須佐之男命:高天原から出雲国に降臨
天照大神と須佐之男命、二人の誓約、兄弟喧嘩みたいなもので、どちらがどうこうと言うこともなく決着をみるのであるが、どうも須佐之男命は分が悪い。高天原を去るしか道はなかったのであろう。しっかり身削ぎをされて、亡き母の国に向かうのである。
「食」の話になるといつものことながら穢い比喩となる。「食」=「生」と「排泄」=「死」の対立概念を同一化しているような記述である。こんな視点から古事記を読み解していないが、いずれ重要な意味を示してくれるのではと思うが…。
いずれにせよ大氣津比賣神から様々な植物などが生えて来る。目敏く神產巢日御祖命が集めて種にするのである。造化三神、古事記の主役達にとってはなくてはならない存在、いや、いい脇役である。種は蚕、稲、粟、小豆、麦、大豆である。「高天原」から須佐之男命が持参した食物である。
蚕は食べ物?…極めて貴重な動物性蛋白源である。勿論幼虫。絹糸も取れるし、古代は真に貴重な生き物であったことを記している。山中で遭難した時は草ではなく虫を食え、鉄則である。草には毒を持つものが多い。生死の境目に追い込まれたら…が、なかなか食えないものであるが・・・。
古事記原文[武田祐吉訳](以下同様)…
故、所避追而、降出雲國之肥河上・名鳥髮地。此時箸從其河流下、於是須佐之男命、以爲人有其河上而、尋覓上往者、老夫與老女二人在而、童女置中而泣、爾問賜之「汝等者誰。」故其老夫答言「僕者國神、大山津見神之子焉、僕名謂足上名椎、妻名謂手上名椎、女名謂櫛名田比賣。」亦問「汝哭由者何。」答白言「我之女者、自本在八稚女。是高志之八俣遠呂智毎年來喫、今其可來時、故泣。」爾問「其形如何。」答白「彼目如赤加賀智而、身一有八頭八尾、亦其身生蘿及檜榲、其長度谿八谷峽八尾而、見其腹者、悉常血爛也。」此謂赤加賀知者、今酸醤者也。[かくてスサノヲの命は逐い拂われて出雲の國の肥の河上、トリカミという所にお下りになりました。この時に箸がその河から流れて來ました。

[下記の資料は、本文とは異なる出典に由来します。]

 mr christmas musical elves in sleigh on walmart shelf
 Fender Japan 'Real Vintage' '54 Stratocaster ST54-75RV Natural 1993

それで河上に人が住んでいるとお思いになって尋ねて上っておいでになりますと、老翁と老女と二人があって少女を中において泣いております。そこで「あなたは誰ですか」とお尋ねになったので、その老翁が、「わたくしはこの國の神のオホヤマツミの神の子でアシナヅチといい、妻の名はテナヅチ、娘の名はクシナダ姫といいます」と申しました。また「あなたの泣くわけはどういう次第ですか」とお尋ねになったので「わたくしの女はもとは八人ありました。それをコシの八俣の大蛇が毎年來て食べてしまいます。今またそれの來る時期ですから泣いています」と申しました。「その八俣の大蛇というのはどういう形をしているのですか」とお尋ねになつたところ、「その目は丹波酸漿のように眞赤で、身體一つに頭が八つ、尾が八つあります。またその身體には蘿だの檜・杉の類が生え、その長さは谷八つ峰八つをわたつて、その腹を見ればいつも血が垂れて爛ただれております」と申しました]
出雲國之肥河上・名鳥髮*
須佐之男命が向かった出雲国、その中の地を述べている。いろんな文字使いで困惑させられている感じであるが、紛う事無く、以下のように特定できる。いつの間にか伊邪那岐・伊邪那美の国生み直後に生まれた大山津見神がこの地に来ていた。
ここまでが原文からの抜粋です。